Another way an agent can avoid a procuring cause lawsuit is to make sure that all of their actions are above board and legal. If an agent is accused of something illegal or unethical, they will be more likely to be sued.

Procuring Cause In Real Estate

Frequently Asked Question

What is it called when a realtor shows you a house?

A showing is an opportunity for a real estate agent to present a property to a potential buyer. Showings typically occur after the buyer has expressed interest in the property and is working with a real estate agent. The agent will work to schedule a convenient time for the buyer to view the property.
During the showing, the agent will point out features of the property that may be of interest to the buyer. The agent will also answer any questions the buyer has about the property. After the showing, the buyer will typically have a better understanding of the property and whether or not it is a good fit for their needs.

What is a protected period in real estate?

The protected period is when a real estate agent is not allowed to solicit business from a client with whom they have recently worked. The period typically lasts 30 to 45 days. The protected period is designed to give buyers and sellers a chance to assess their experience with their agents and decide if they would like to continue working with them.
It also allows agents to focus on their current clients and ensure they provide the best possible service. During the protected period, agents are not allowed to contact their clients directly or indirectly. They cannot send emails, or texts, or make phone calls. They cannot post anything on social media that could be construed as a solicitation.

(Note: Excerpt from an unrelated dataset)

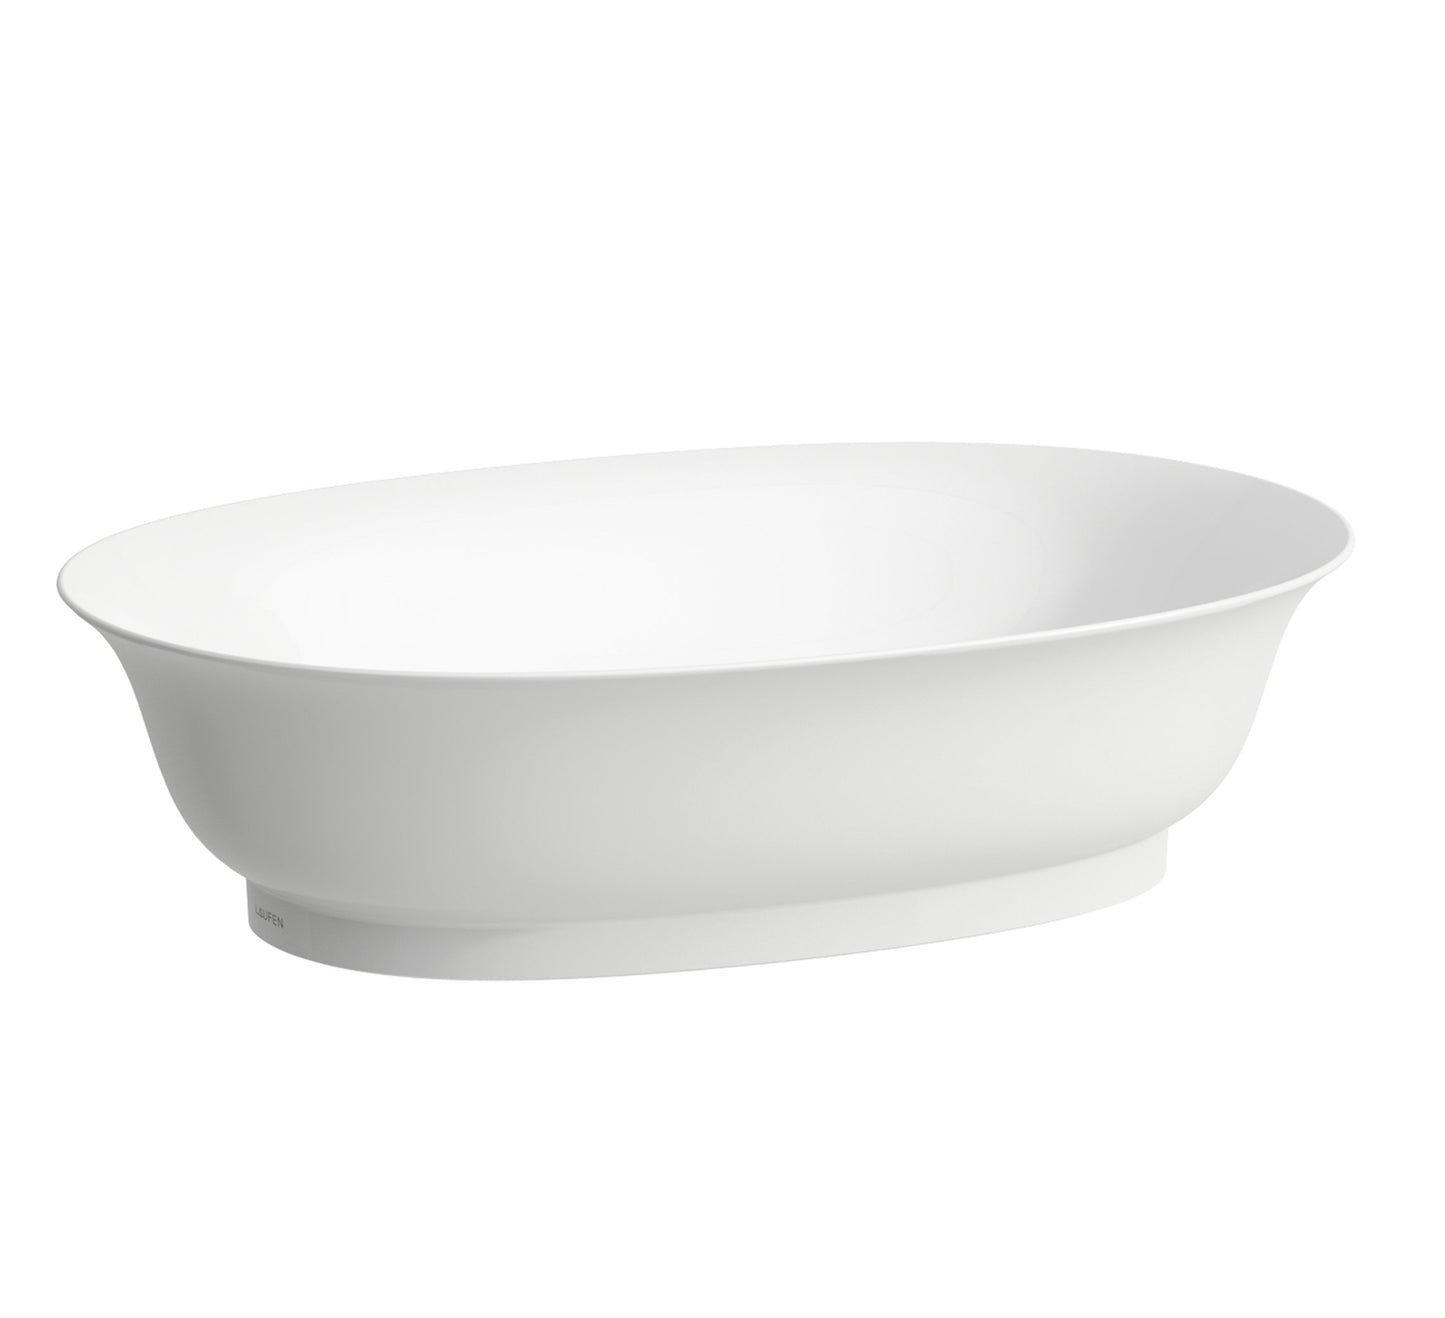 LAUFEN THE NEW CLASSIC WASHBASIN BOWL WITHOUT OVERFLOW, WITH NO TAPHOLE SIZE: 55 X 38 CM WHITE - 8.1285.2.000.112.1 - Tadmur Trading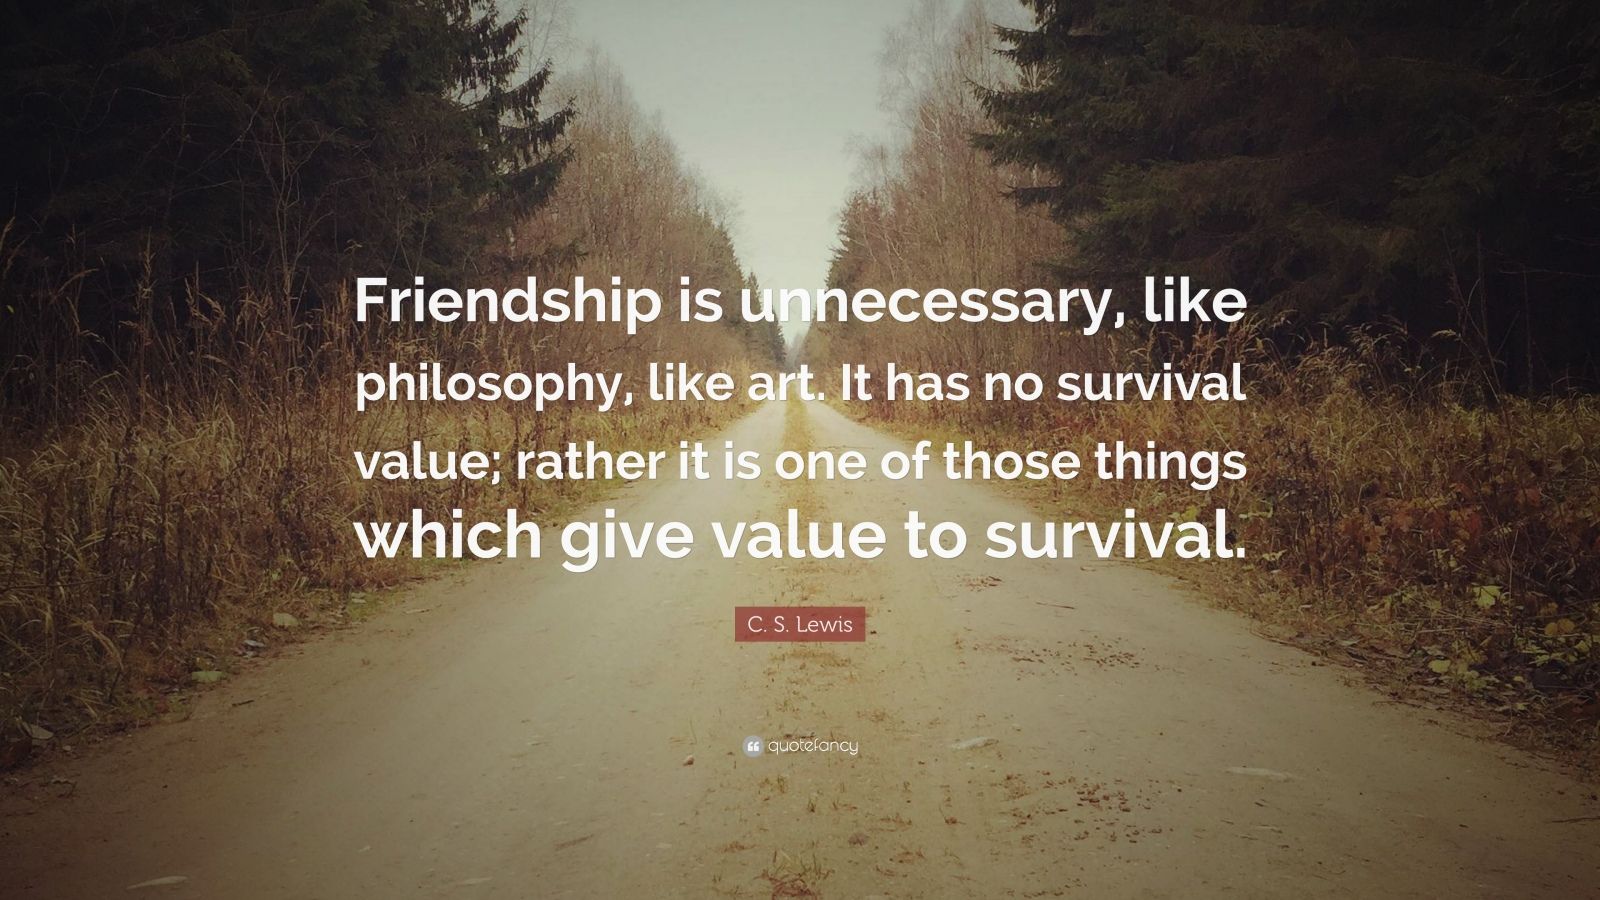 C. S. Lewis Quote: “Friendship is unnecessary, like philosophy, like

Can a buyer make multiple offers in Illinois?

It is not uncommon for a buyer to make multiple offers on houses in Illinois. There is no law against making offers on multiple houses. However, knowing the potential implications of making multiple offers is essential. If a buyer makes an offer on the house and the seller accepts, the buyer is legally obligated to purchase the house.
If the buyer makes an offer on another house and the seller accepts, the buyer is legally obligated to purchase two houses. This could create a financial burden for the buyer. Therefore, it is essential to be aware of the potential implications of making multiple offers before doing so.

Why would a seller want an exclusive listing?

There are several reasons why a seller might want an exclusive listing. One reason is that it establishes a ground for honesty, trust, and confidence between the seller and the broker. This can be beneficial for both parties involved, as it can help to ensure that the process goes smoothly and that both parties are satisfied with the outcome.
An exclusive listing may also help expedite the sale of the property, as the broker will be motivated to sell the property quickly to receive their commission.

What is the most commonly used type of listing agreement?

There are separate listing agreements used in the real estate industry, but the most commonly used listing agreement is the exclusive right-to-sell listing.
This agreement gives the listing broker the exclusive right to sell the property and allows the broker to collect a commission even if another broker sells the property.
This agreement benefits the seller and the listing broker by providing more protection and incentive for the broker to sell the property.

Can you sell a house privately after a contract with an agent?

Selling a house privately after signing a contract with an agent is possible. The agent stipulated in the contract is the only one allowed to sell the home during the specified period. However, specific clauses in the contract may allow the homeowner to sell the property themselves.
It is essential to read through the contract carefully to determine if this is an option. If the homeowner does choose to sell the property themselves, they may be responsible for paying the agent a commission.


The procuring cause is the agent directly responsible for the successful transaction. To be considered the procuring cause, an agent must have been involved in the transaction from the beginning. The agent must have also been actively promoting and marketing the property.